Part 3 - Information about the PE file structure and obtaining PE file information
The structure in a PE file goes as the following:
1).DOS header (this will be "MZ" for example) - executable format (MZ header)
2). DOS Stub - DOS check
3). PE File Header with PE signature
4). IMAGE_OPTIONAL_HEADER
5). Section table.
If you wish to obtain information from a PE file like:
- Header information
- Characteristics information
- Magic (HDR, MajorLinkerVersion, BaseOfData, AddressOfEntryPoint, SizeOfHeaders, ...)
- Imported DLLs
- Resource information
...
You could try using pefile.net application. Tested it myself, it works. If you need instructions on using it (cannot get it to work), let me know and I'll post a thread to help you.
Part 4 - What a driver is
So you are aware, there are different types of drivers:
- Kernel-mode drivers
- User-mode drivers
The above 2 is what we will speak about in the rest of this thread and now.
Part 5 - More driver information
A driver is a (.sys) file. They can be loaded through a SERVICE as an example.

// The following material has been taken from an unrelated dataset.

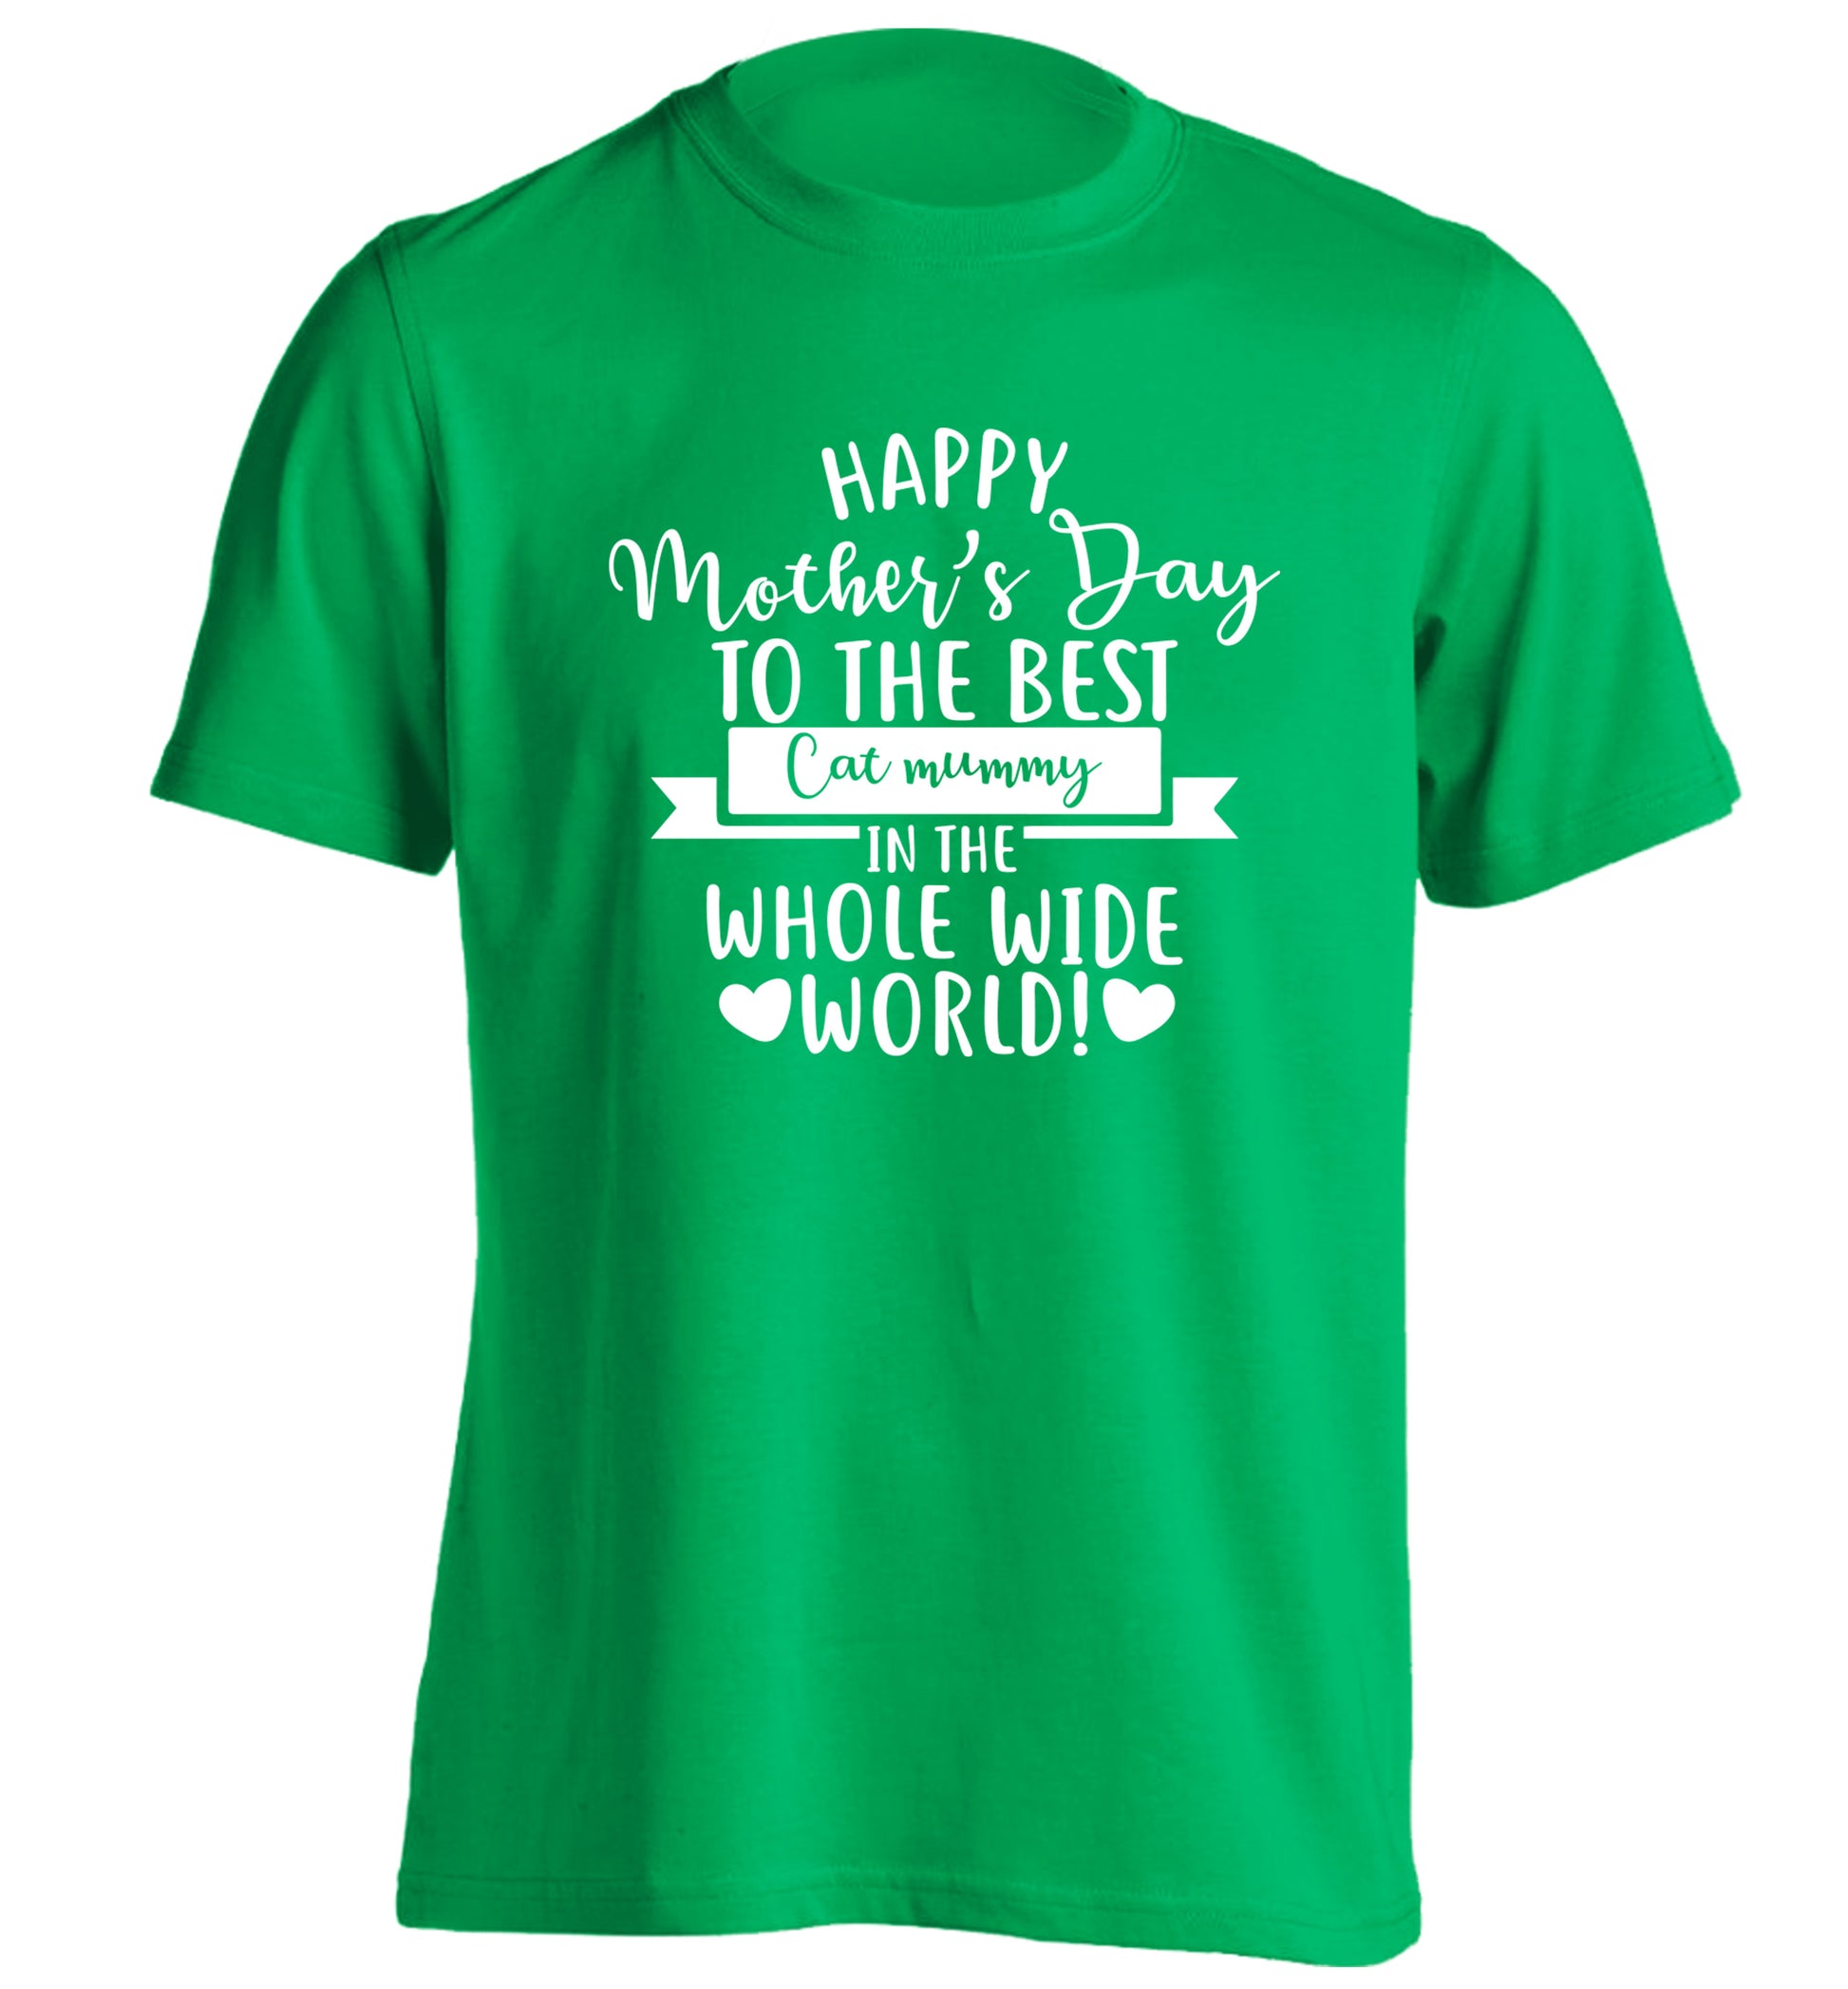 Happy mother's day to the best cat mummy in the world adults unisex green Tshirt 2XL
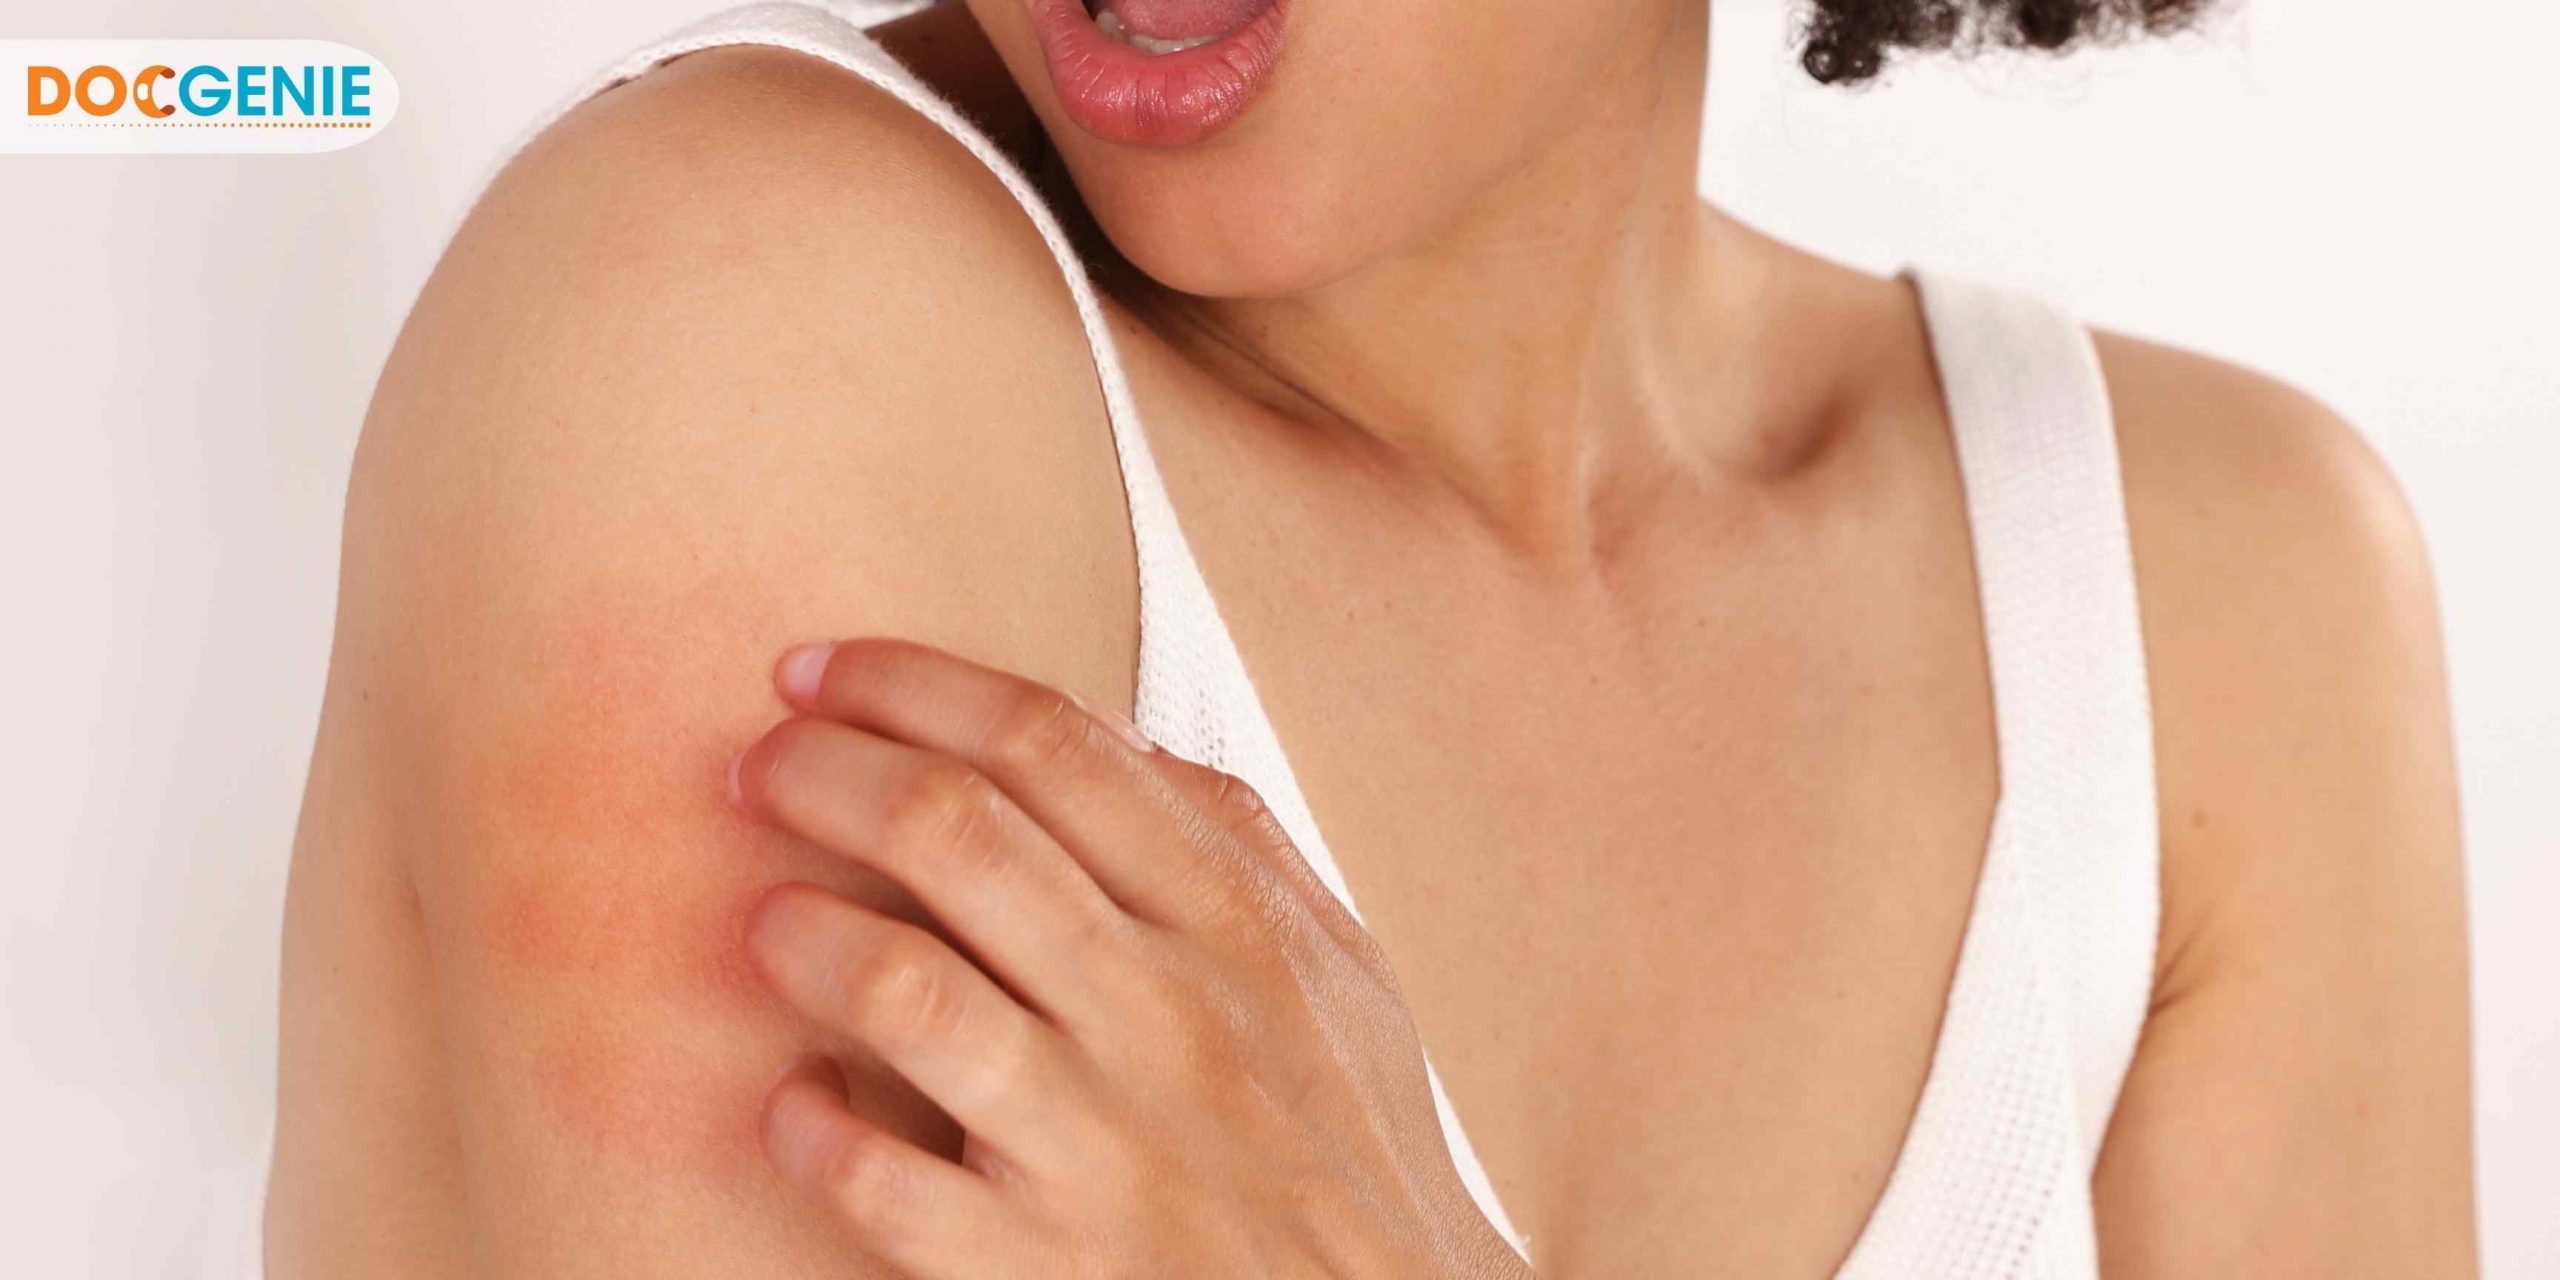 Do You Have Sensitive Skin? Keep These 10 Tips In Mind

A kernel-mode driver will be loaded in ring0 (kernel mode). Having the power of what you can have in ring0 is phenomenal compared to user-mode (ring3), which is why malware writers who have drivers with their malware (rootkits for example) love it so much. They can set kernel mode hooks to do things like protect their process.
A user-mode driver will be loaded in ring3 (user mode). User mode is where all your default applications will be loaded. When a user-mode program crashes (for example, Google Chrome or Photoshop), only that program will crash and the rest of your system should work (other programs).
However, if there is a issue in a driver, since it is running in kernel mode, you will receive a BSOD crash. This is a downside of kernel mode, but it is what happens when you try and mess with that stuff.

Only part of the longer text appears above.